Sonunda o gün geldi, ormanın içinden ve şehrin sokaklarından sahile ve denize kadar sağlam bir yürüyüş yapıyorum.
Ve yağmur yağıyor.
Sadece yağmur yağmıyor. Bulutlar bütün yükünü sanki üstüme boşalttı ve bu koşullarda sokaklarda yürüyüşe çıkmak, sanki denizde ayaklarınızla sörfün üzerinde durmak gibiydi. Sadece ıslanıyorsun.
Aslında açık havada yürüyüşe çıkmıştım. Benim yürüyüşlerim genellikle kuru zeminde olur ama bugün gökyüzü, deniz ve kara parçası da su içinde. Çiftçiler gibi çok kişi sevmişti bu yağmuru.
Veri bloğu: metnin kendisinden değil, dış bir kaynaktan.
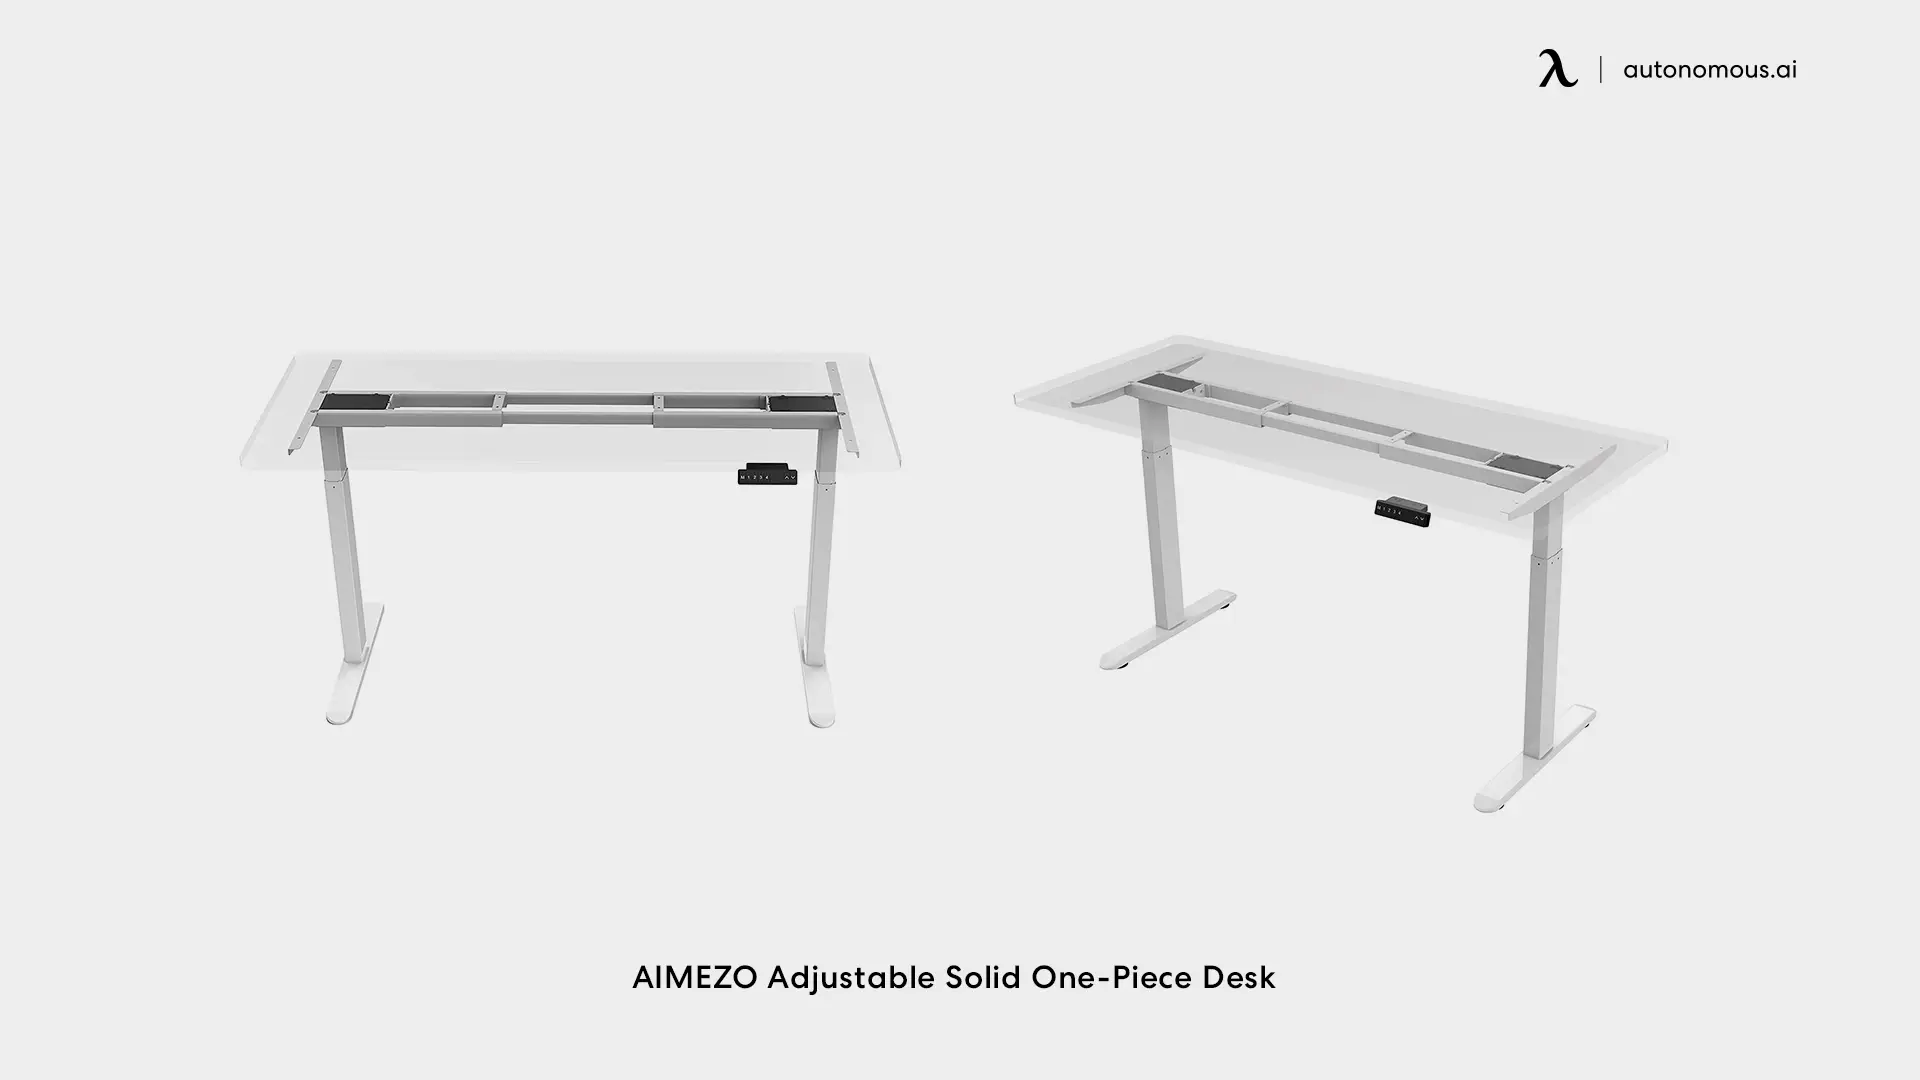 AIMEZO Adjustable Solid One-Piece Desk - DIY desk plans

Kimin ne beklediğini bilmeden, fırtınalı yağmurun bundan daha uygun olamayacağını düşünmeden edemiyorum. “Biz insanlar” sesli yürüyüşü her zaman yağmurda ve fırtınada yapılmalıyız, çünkü o zaman denizcilerinin yaşam koşullarını anlarız. Kışın Kuzey Atlantik’te ya da Karadeniz’de ya da seyahat ettikleri dünyanın diğer çalkantılı denizlerinde nadiren sakin bir deniz parıltısı ya da güneş ışığı vardır.
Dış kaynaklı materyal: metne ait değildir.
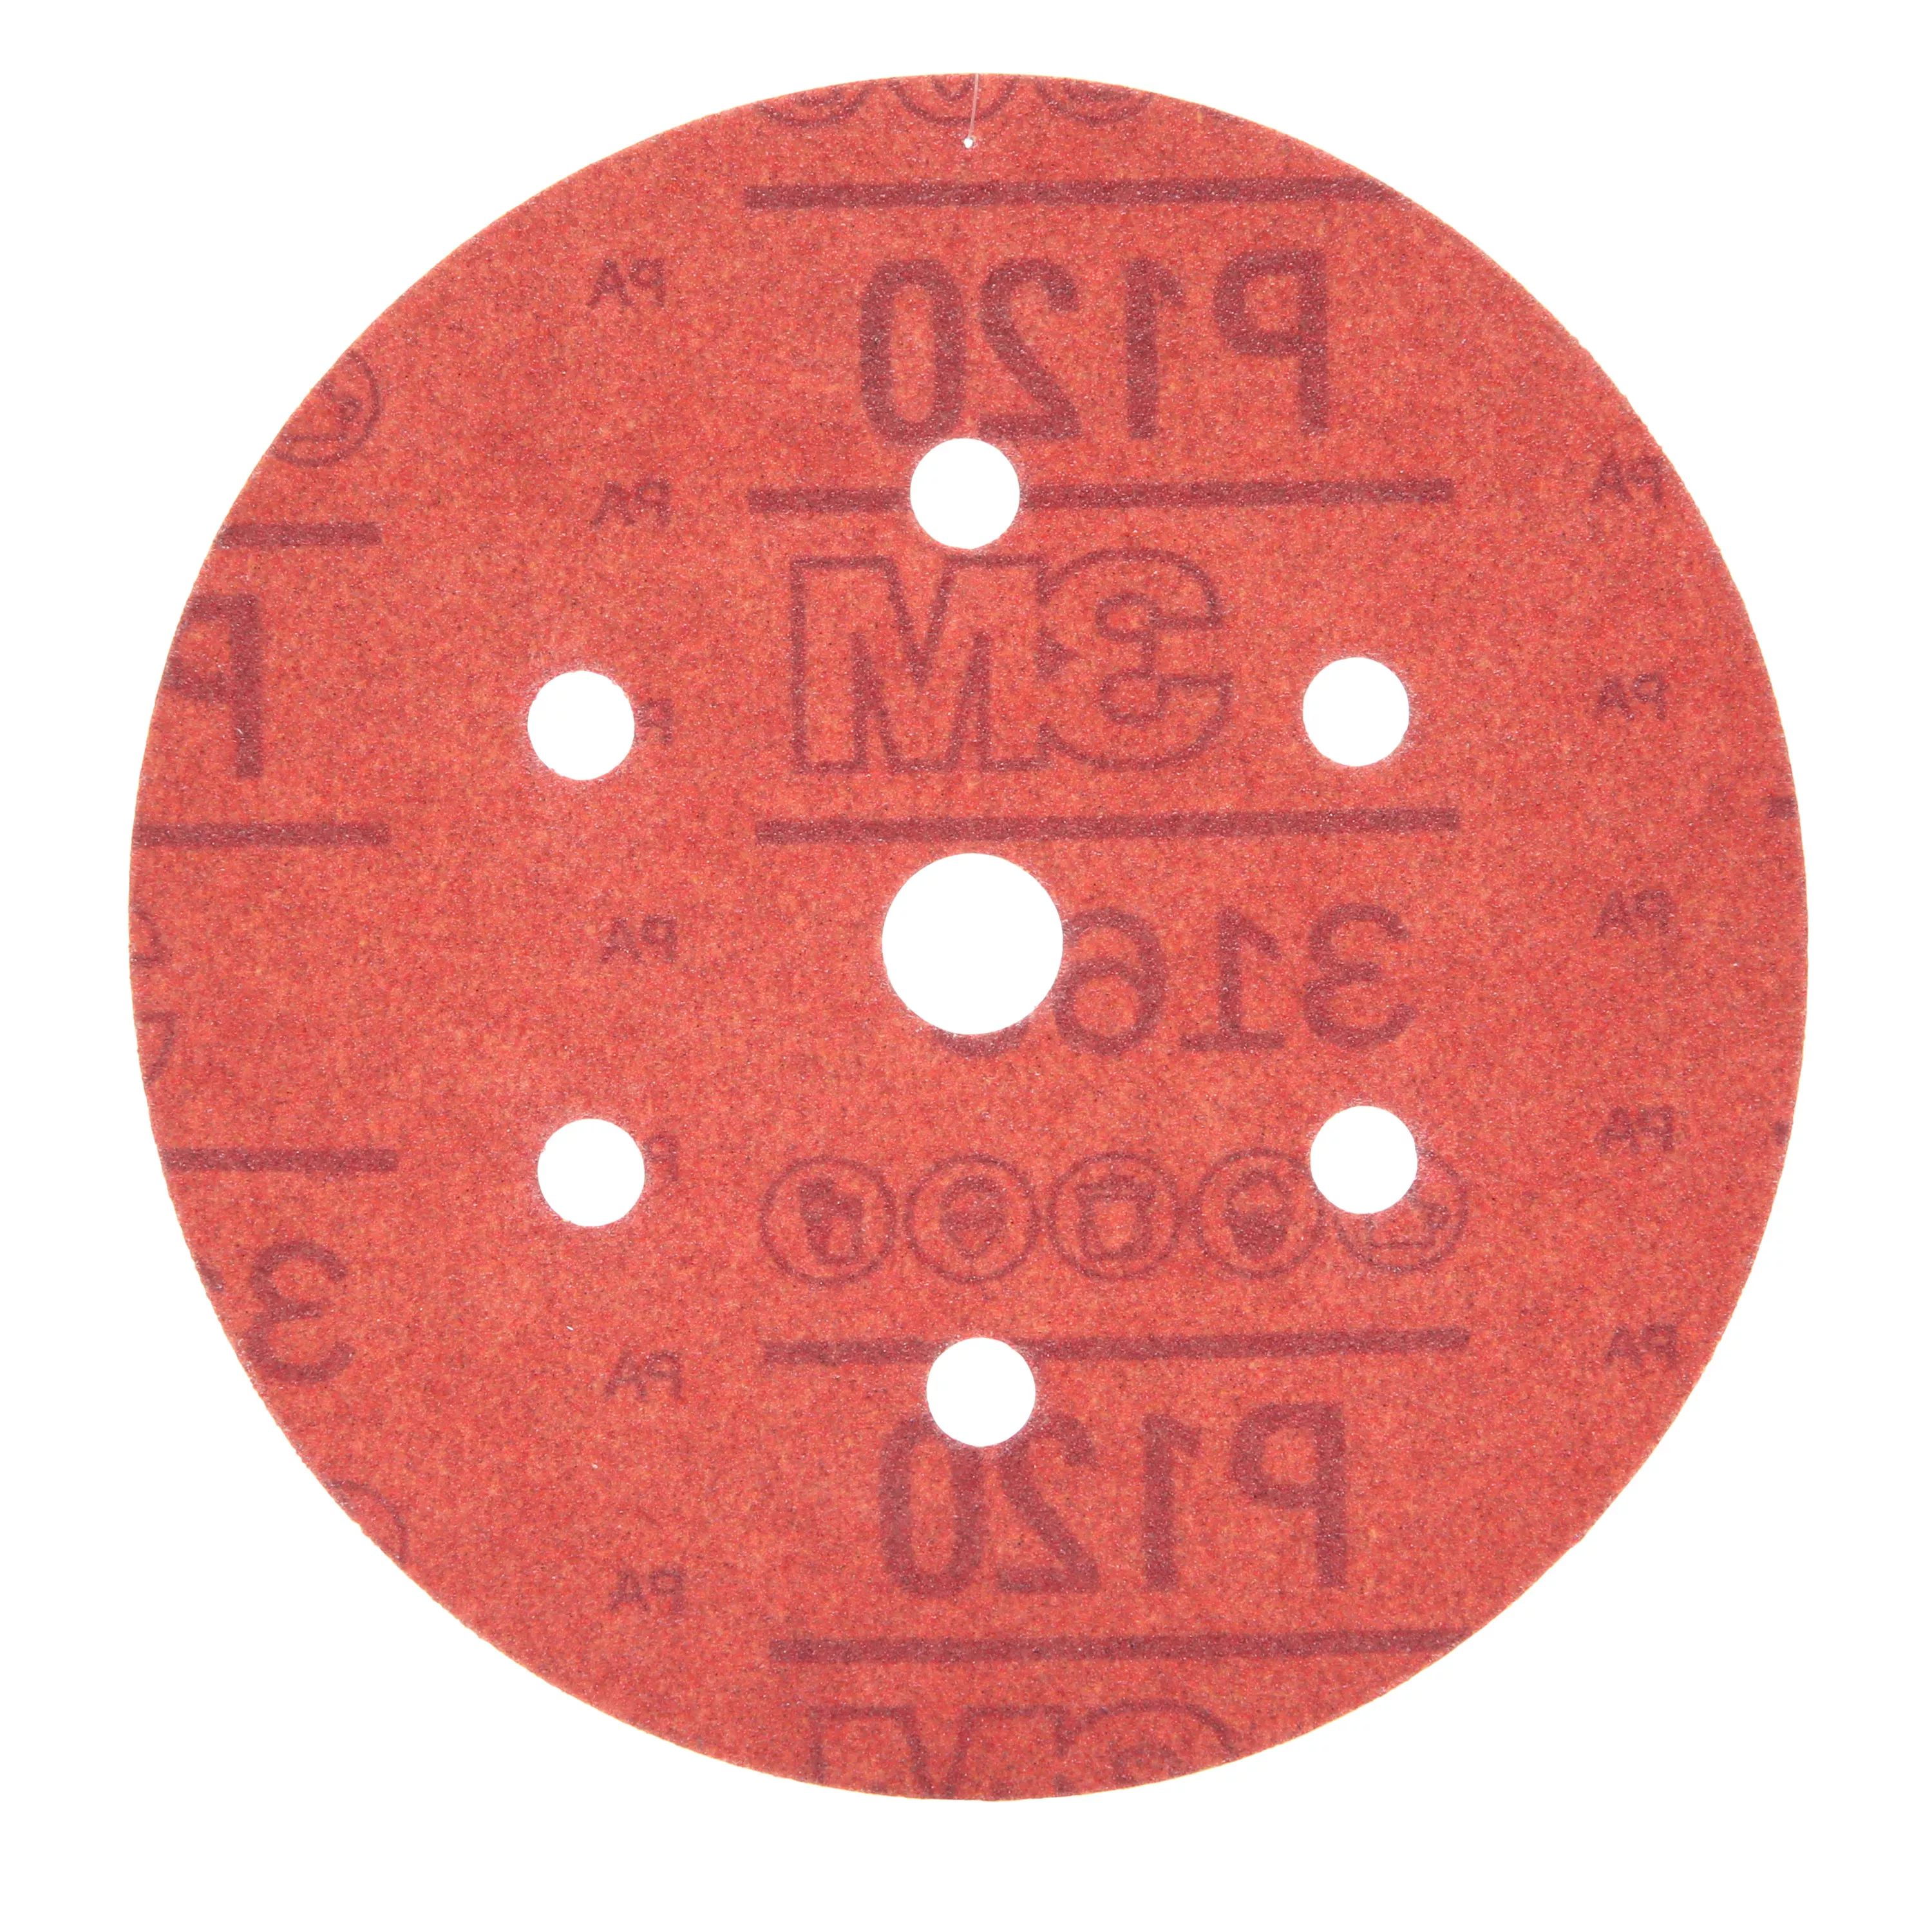 SKU 7000028268 | 3M™ Hookit™ Red Abrasive Disc Dust Free

Tanıdığım biri gençliğinde 11 metre uzunluğundaki yelkeniyle dünya turuna çıkmıştı. Normalde kaba bir adam olarak bilinen bu tanıdığım bile her limanda karşılaştığı insanlara saygı duyuyordu. Kimileri limandan ayrılmaya zar zor cesaret ederken, fırtınanın ortasında yelken açtı bu tanıdığım, gazeteler de yazdılar onun hakkında.
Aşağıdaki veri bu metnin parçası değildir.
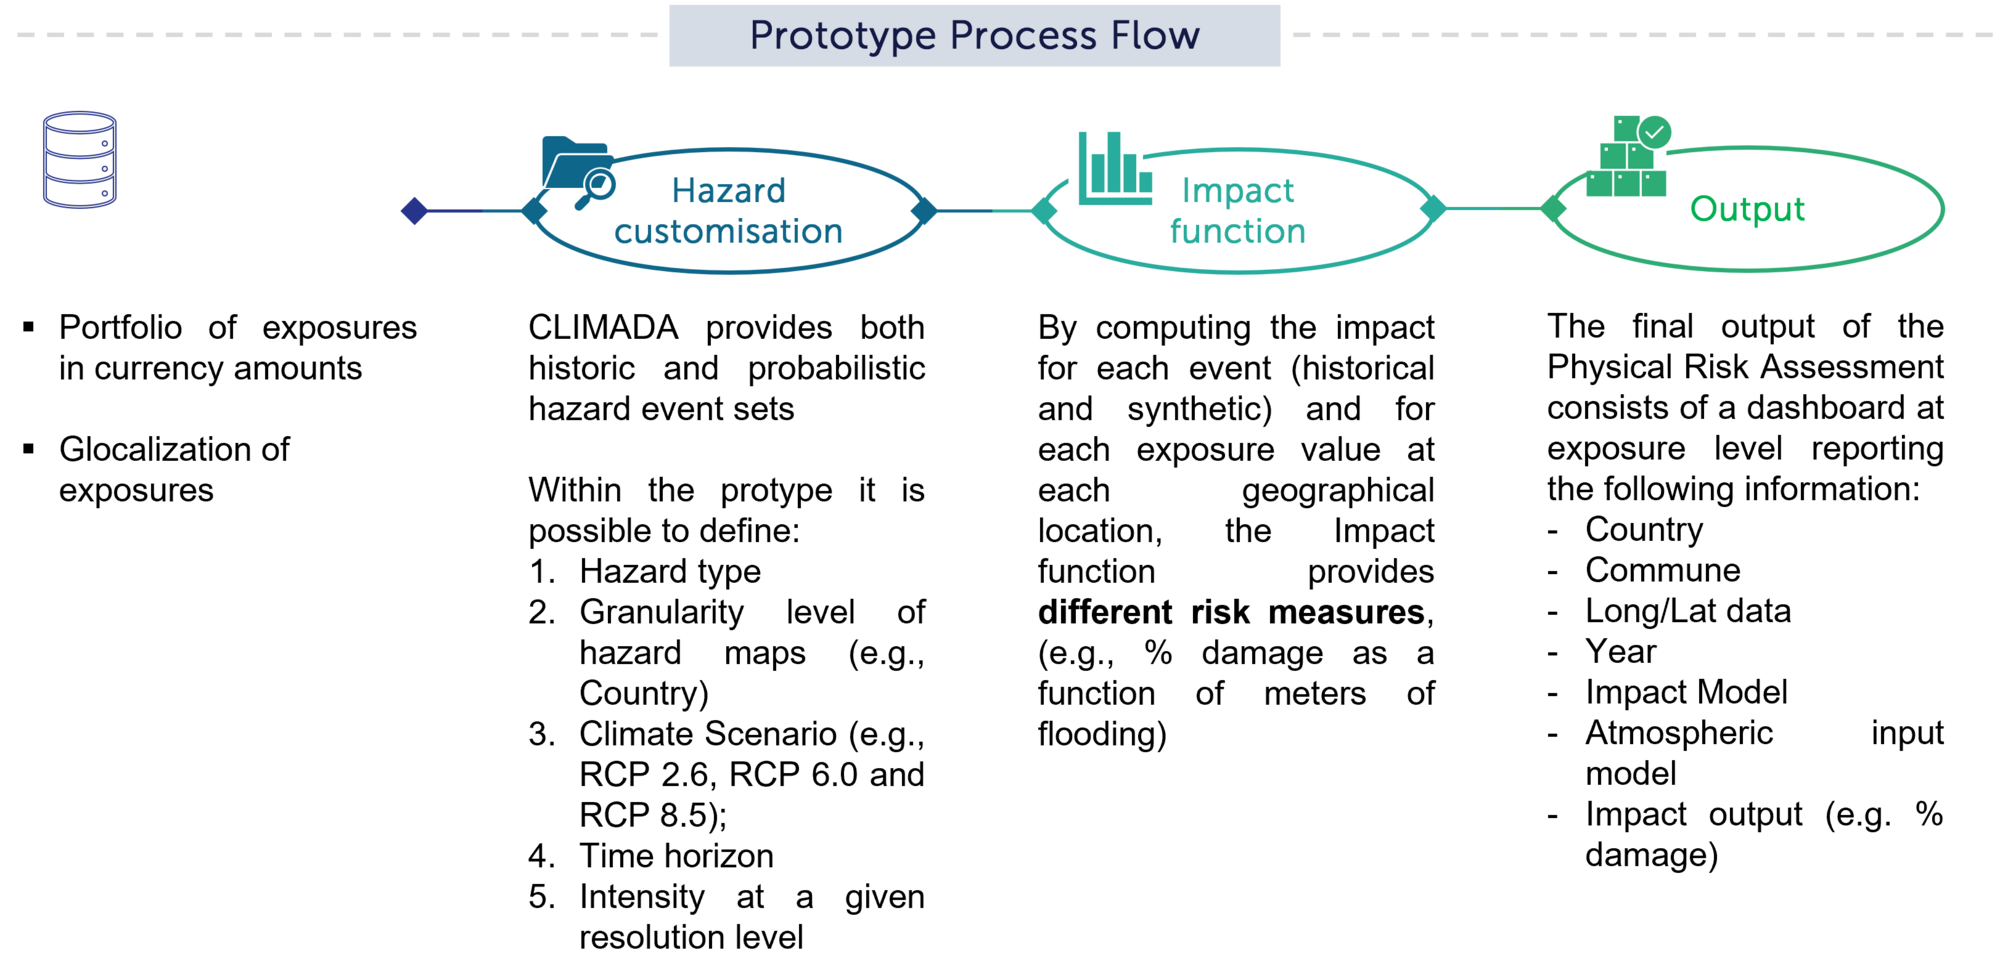 Physical risk impact measurement - prototype process flow

Bu tanıdığımın son 20 yıldaki ruhunu özetleyen iki sözcük varsa o da ‘nefsine düşkünlük’ sözcükleridir. Denize karşı savunma amaçlı bir buçuk kilometre uzunluğundaki etkileyici liman iskelesini inşa ederken dışarıdan hiçbir yardım almadı. Kendi iletişim istasyonlarını kurdu ve iskele işinden artan zamanında navigasyon okulumu sürdürmek için başarılı bir şekilde mücadele etti. Birkaç yıl önce büyük şehirlere giden feribot güzergahı iptal edildiğinde, kendi inisiyatifiyle yeni bir güzergah oluşturdu.
Ancak denizler hala orada ve artık dramatik gemi kazalarıyla değil, suyu yükselen denizler, şiddetli fırtınalarla ve balık ölümleriyle yeni yollarla tehdit ediyor. Kentlerin plajları, yüzyılın ilkbahar fırtınasında su kütleleri altında kayboluyor, kentlerin şirin kıyılarının çoğu da kullanılamaz duruma geliyor. Karadeniz ve öteki denizlerimizde balıkçılık ve kıyılar bu üzücü yoldadır.
Peki, krizden etkilenen bir siyasi yönetimin iklim sorunlarını çözmek yerine hepimizi daha derin krizlere sokmak istediği bu bahar günlerinde, siyasi beceriksizliğin karanlık bir hatırlatıcısı olarak kaldığı bu yıllarda yaşadıklarımızdan öğrenebileceğimiz bir şey var mı?
Evet, politikacılar ve iktidar sahipleri sırt çevirdiğinde, yukarıda sözünü ettiğim tanıdığım gibi kendimize güvenmeliyiz. Bilinçli ve dikkatli bir şekilde başka seçimler yapan güçlü tüketiciler gibi kendimize güvenmeliyiz. Dikkatli bir şekilde biraz daha sola oy veren, sonra istifa etmiş seçmenler gibi kendimize güvenmiyoruz.
Ancak aktif, kendini bilen, gururlu topluluklar olarak kendimize güvenmeyi öğrenmek zorundayız.
1920’lerde öyle bir topluluktuk ki, küçük umutlardan Mareşal Mustafa Kemal Atatürk ve ekibini yarattık. Umut, istek varsa, geriye ne kaldı?